Data provided ::
☆ ☆ ☆ ☆

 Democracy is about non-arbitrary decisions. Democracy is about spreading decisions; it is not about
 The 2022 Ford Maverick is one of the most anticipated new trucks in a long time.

☆ ☆ ☆ ☆

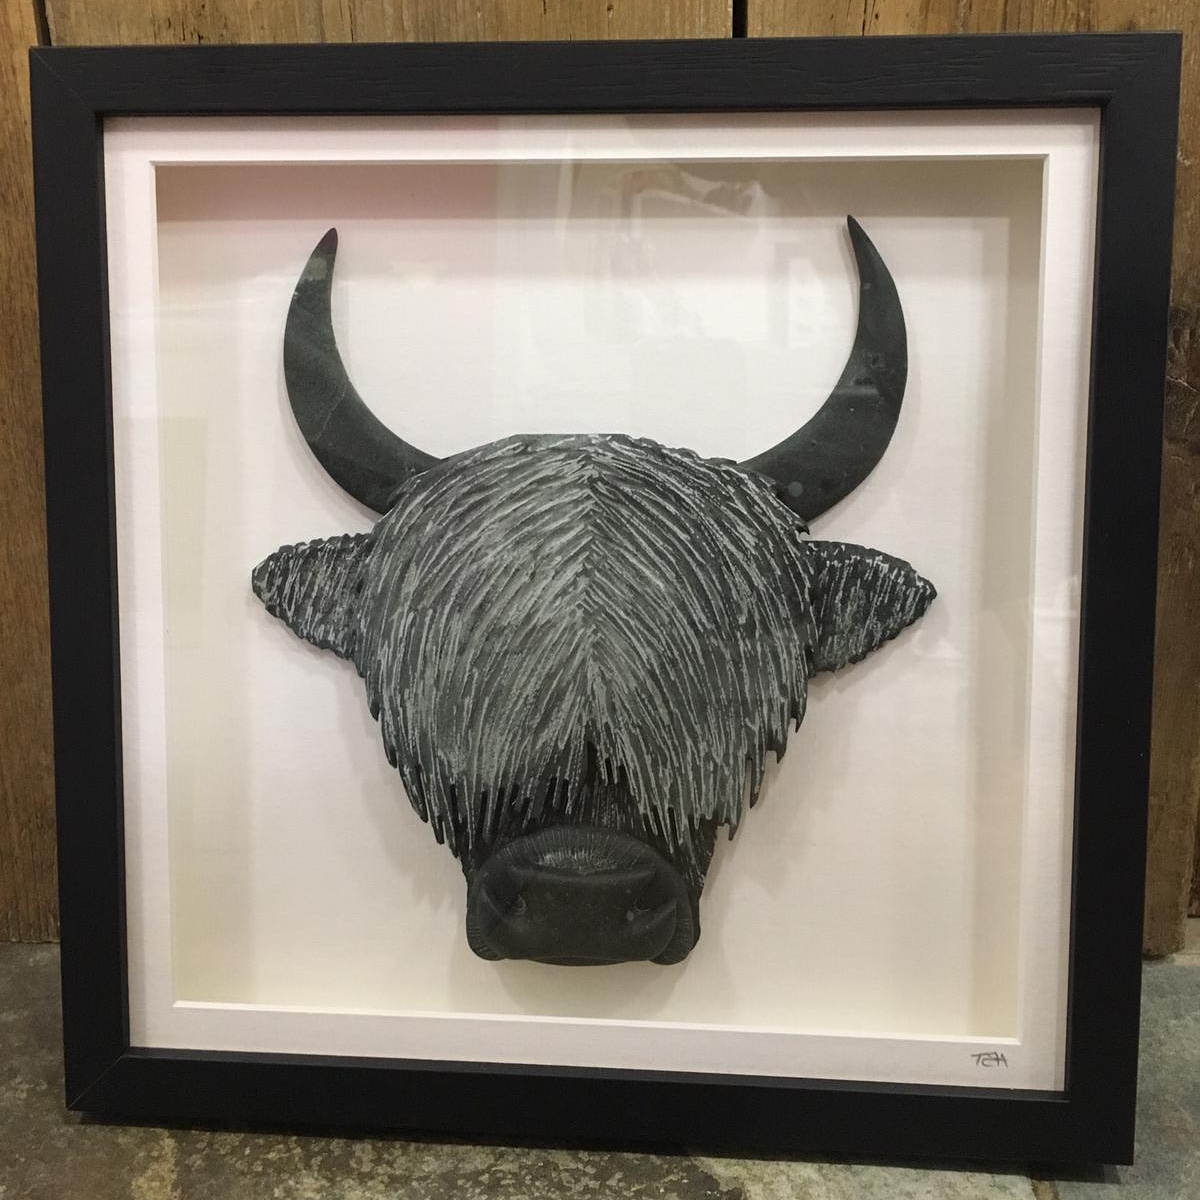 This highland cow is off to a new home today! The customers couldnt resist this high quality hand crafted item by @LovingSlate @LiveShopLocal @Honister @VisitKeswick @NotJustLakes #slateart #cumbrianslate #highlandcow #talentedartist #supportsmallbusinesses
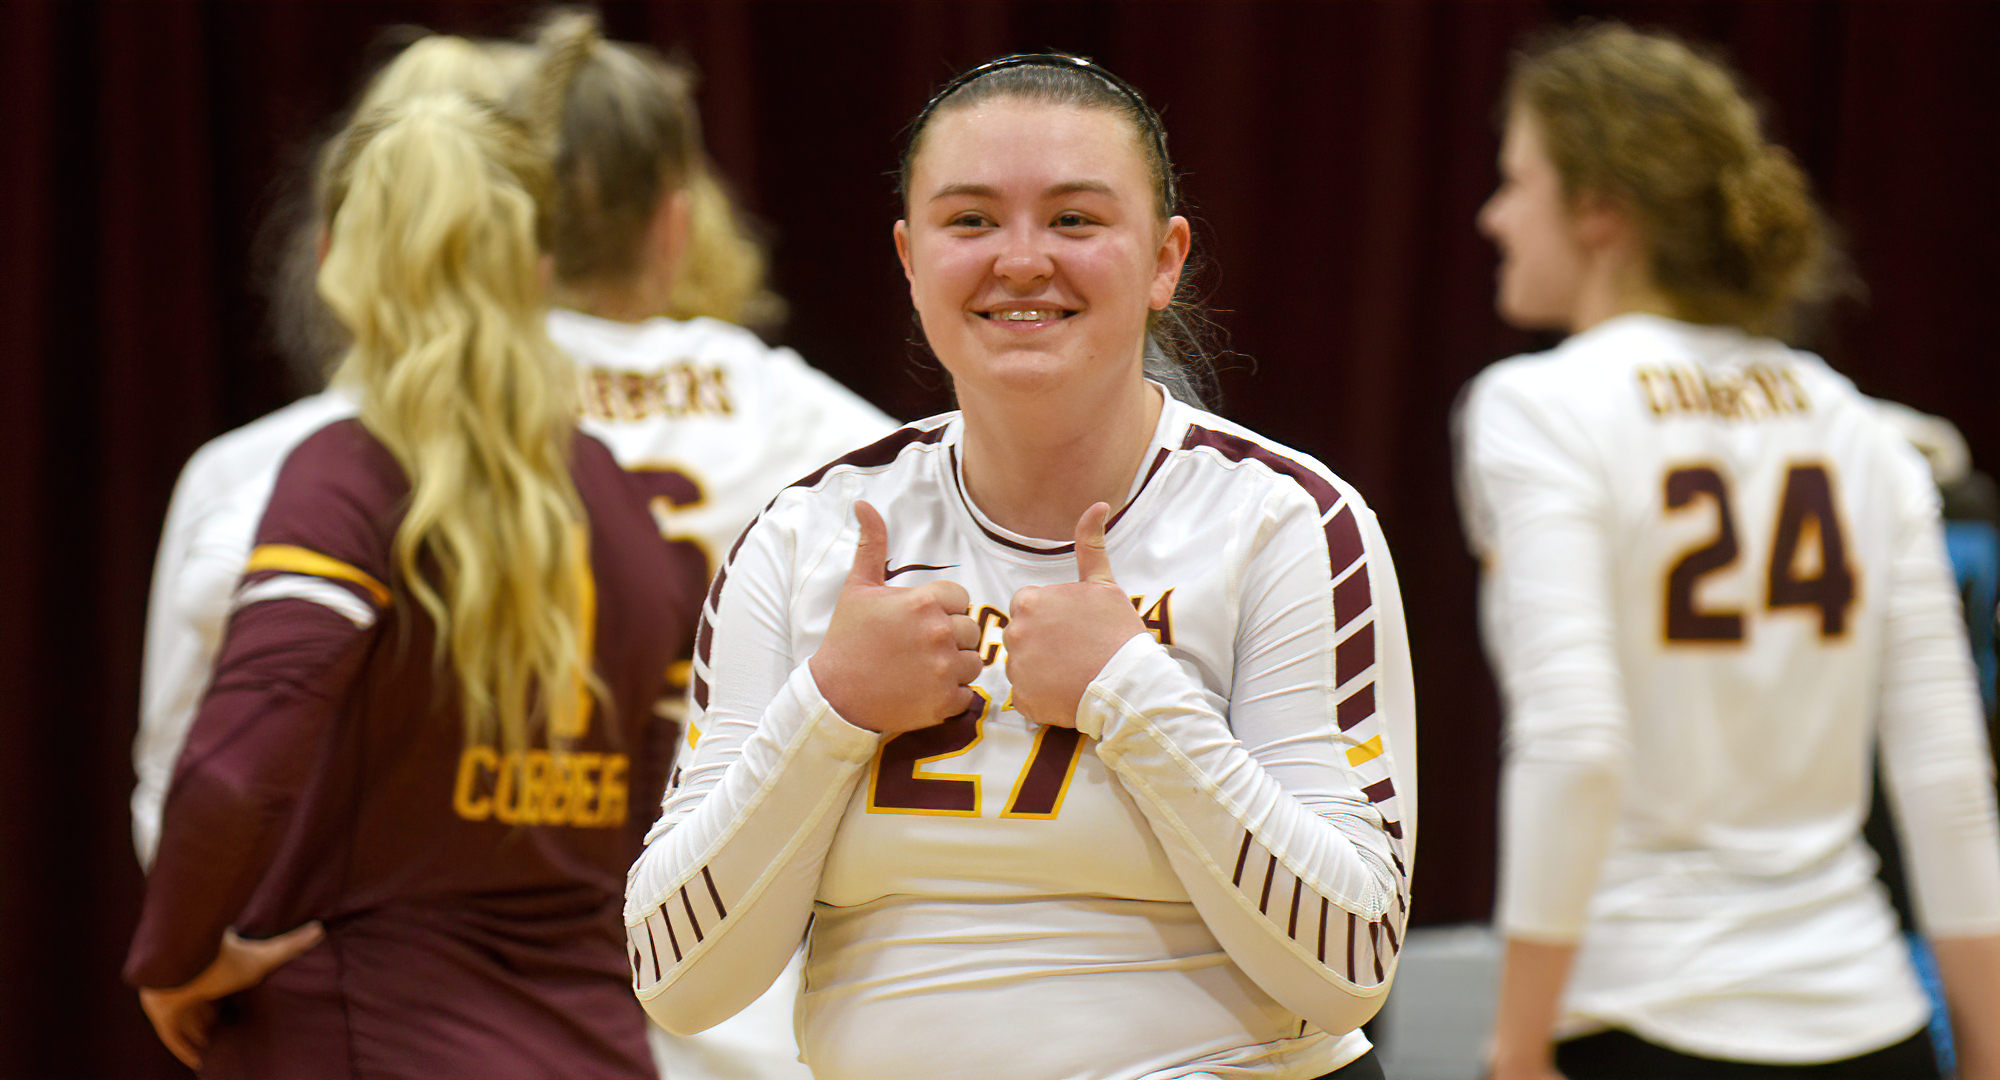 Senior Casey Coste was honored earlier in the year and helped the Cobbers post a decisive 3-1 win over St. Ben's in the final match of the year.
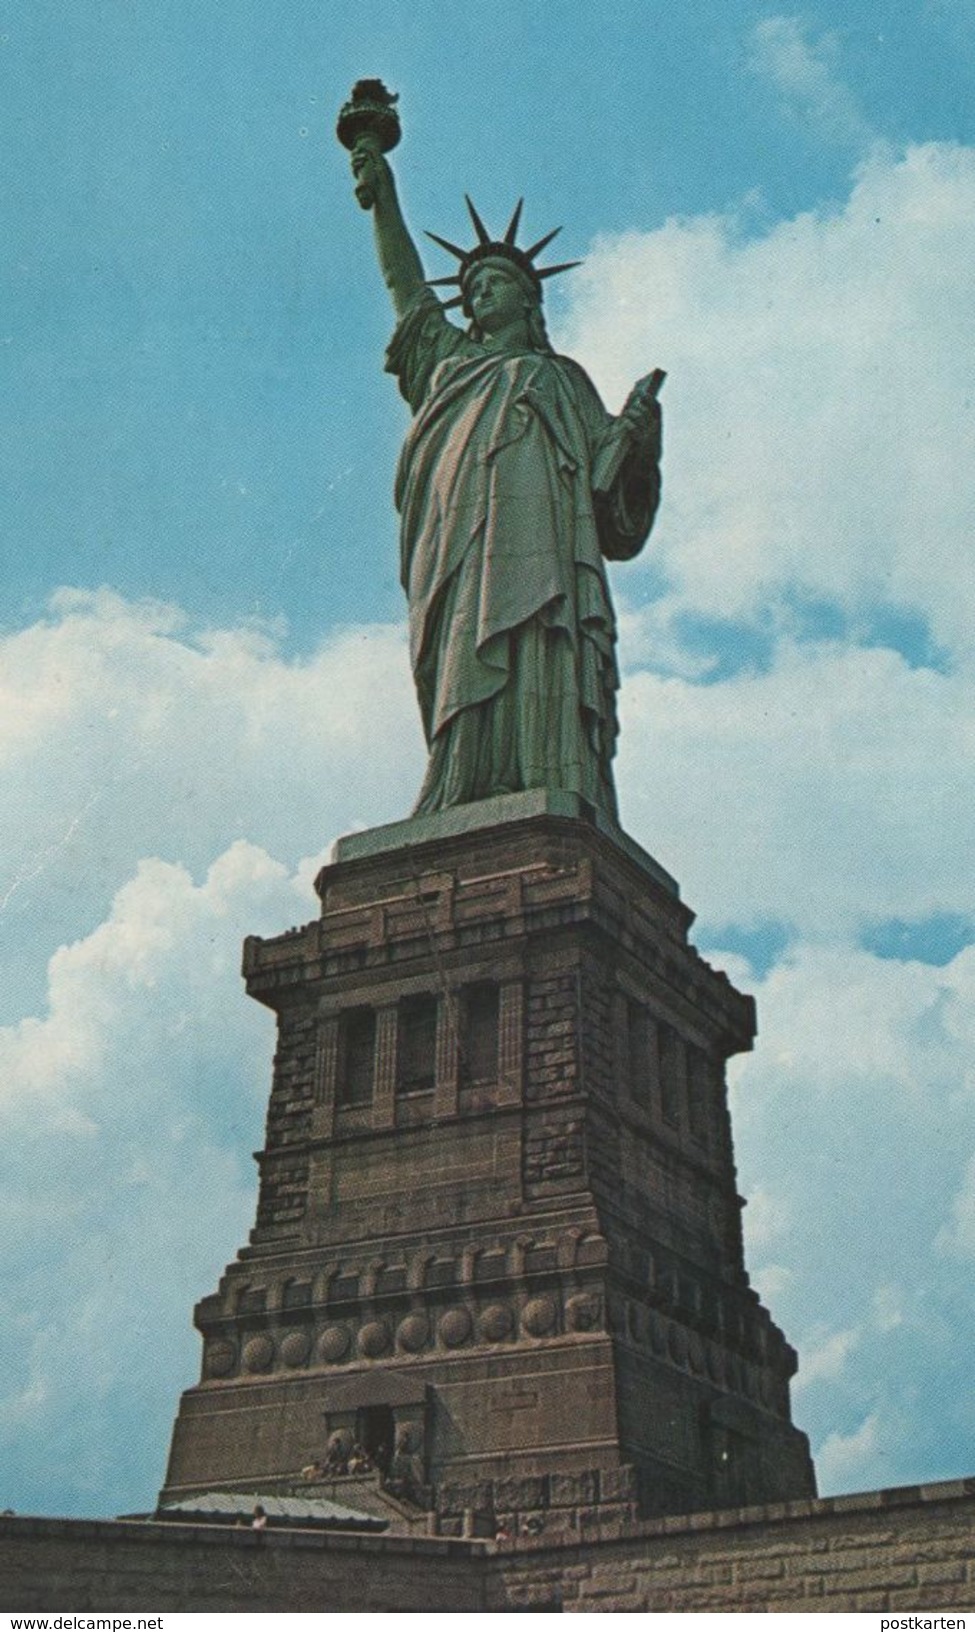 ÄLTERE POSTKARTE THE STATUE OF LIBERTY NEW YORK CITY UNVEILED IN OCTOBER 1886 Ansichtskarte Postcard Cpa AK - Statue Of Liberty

☆ ☆ ☆ ☆

What is expected :: Could the stretch from the line with "Senior Casey Coste" through the line with "ÄLTERE POSTKARTE THE" in the listing above be restated word for word, minus the pictures?

Result ::
 Senior Casey Coste was honored earlier in the year and helped the Cobbers post a decisive 3-1 win over St. Ben's in the final match of the year.
 ÄLTERE POSTKARTE THE STATUE OF LIBERTY NEW YORK CITY UNVEILED IN OCTOBER 1886 Ansichtskarte Postcard Cpa AK - Statue Of Liberty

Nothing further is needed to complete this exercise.